BACKGROUND AND FACTS

{2} At the suppression hearing, Officer William Marion of the Roswell Police Department testified as to the following events. On the evening of April 8, 2005, he stopped to investigate a parked car with its engine running that appeared to have no one inside. Upon shining his patrol car’s spotlight on the car, he saw that there was someone (Lorenzo Mendoza) in the driver’s seat, but slouched down as if trying to hide. As Officer Marion got out of his patrol car, he observed Defendant leaving a house across the street. Officer Marion observed that Mendoza had bloodshot, watery eyes, that there was a slight odor of intoxicants, and that there was an open case of beer on the passenger-side floor. Mendoza said he was waiting for his friend. At around this time, Defendant walked up to the car and attempted to enter the passenger side. Officer Marion told Defendant, “Hey. Wait a minute. Time-out, dude. You better step back.” He then told Defendant to go to the front of the car “where I can keep better eyes on you.” Officer Marion asked Mendoza if he could search the car and Mendoza agreed. Officer Marion and another officer, Officer Scribner, who had arrived placed Mendoza with Defendant at the front of the car and began to search it.

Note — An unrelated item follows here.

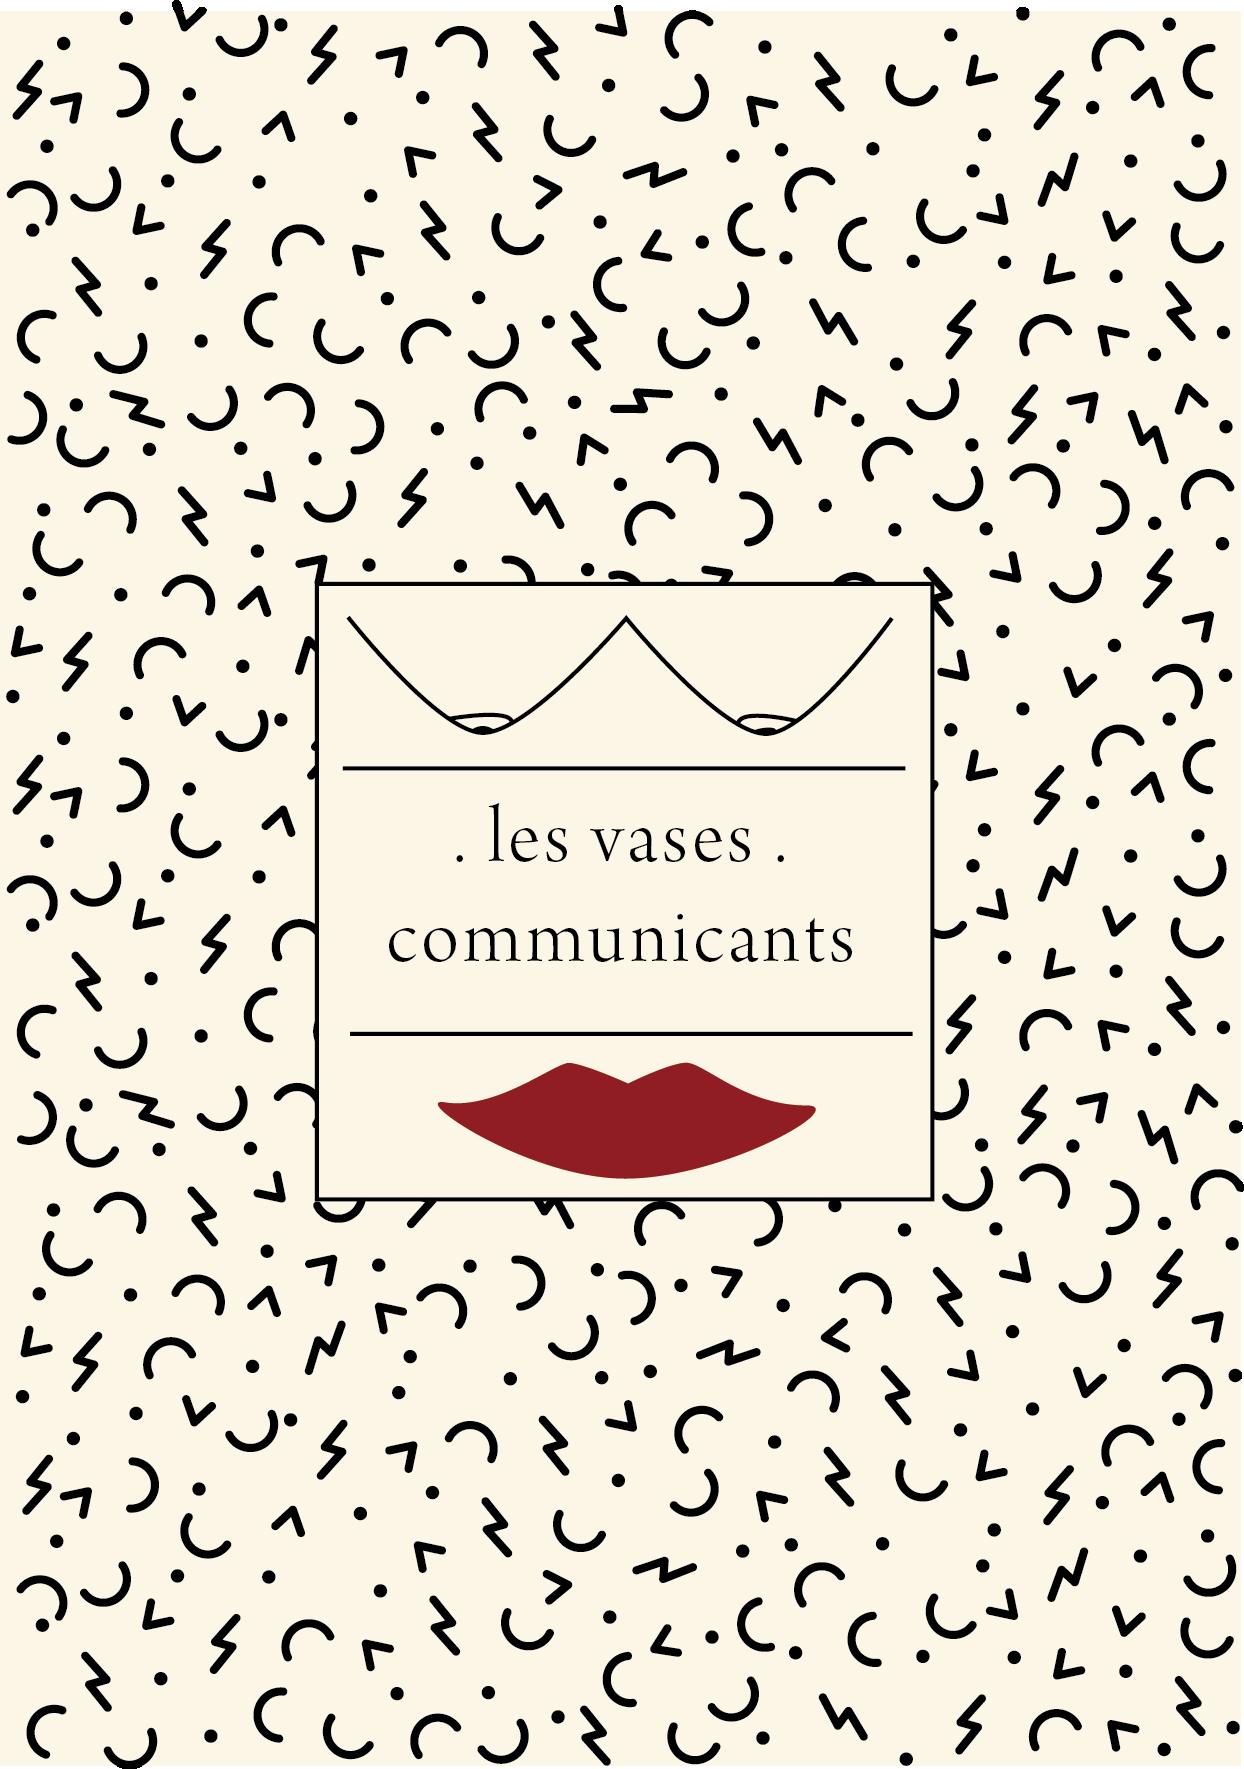 Couverture de l'oeuvre poétique et essai d'André Breton, Les vases communicants, 1932

{3} At some point Officer Scribner handcuffed Mendoza and told Officer Marion that he had seen Mendoza throw down a piece of paper and try to kick it under the car. Upon inspection, the paper was found to contain marijuana. Defendant started to walk away. Officer Marion grabbed his wrist and told him he was not free to go yet and that he was being detained. Officer Marion handcuffed Defendant and told him he was not under arrest. He asked Defendant if he had any weapons in his possession, and Defendant said no. Officer Marion asked Defendant if he could search him, and Defendant said, “[tjhat’s okay.” Upon searching Defendant, Officer Marion felt a large soft bulge in Defendant’s right pants pocket, and pulled out money and a bandanna. While placing these items on the hood of the car, a small plastic bag containing white powder fell out. Defendant said it was cocaine, which a test later verified.

{4} Defendant did not testify at the suppression hearing. He pleaded no contest to possession of cocaine, reserving his right to appeal the denial of his motion to suppress evidence.

STANDARD OF REVIEW

{5} A motion to suppress evidence involves a mixed question of fact and law. State v. Urioste, 2002-NMSC-023, ¶ 6, 132 N.M. 592, 52 P.3d 964.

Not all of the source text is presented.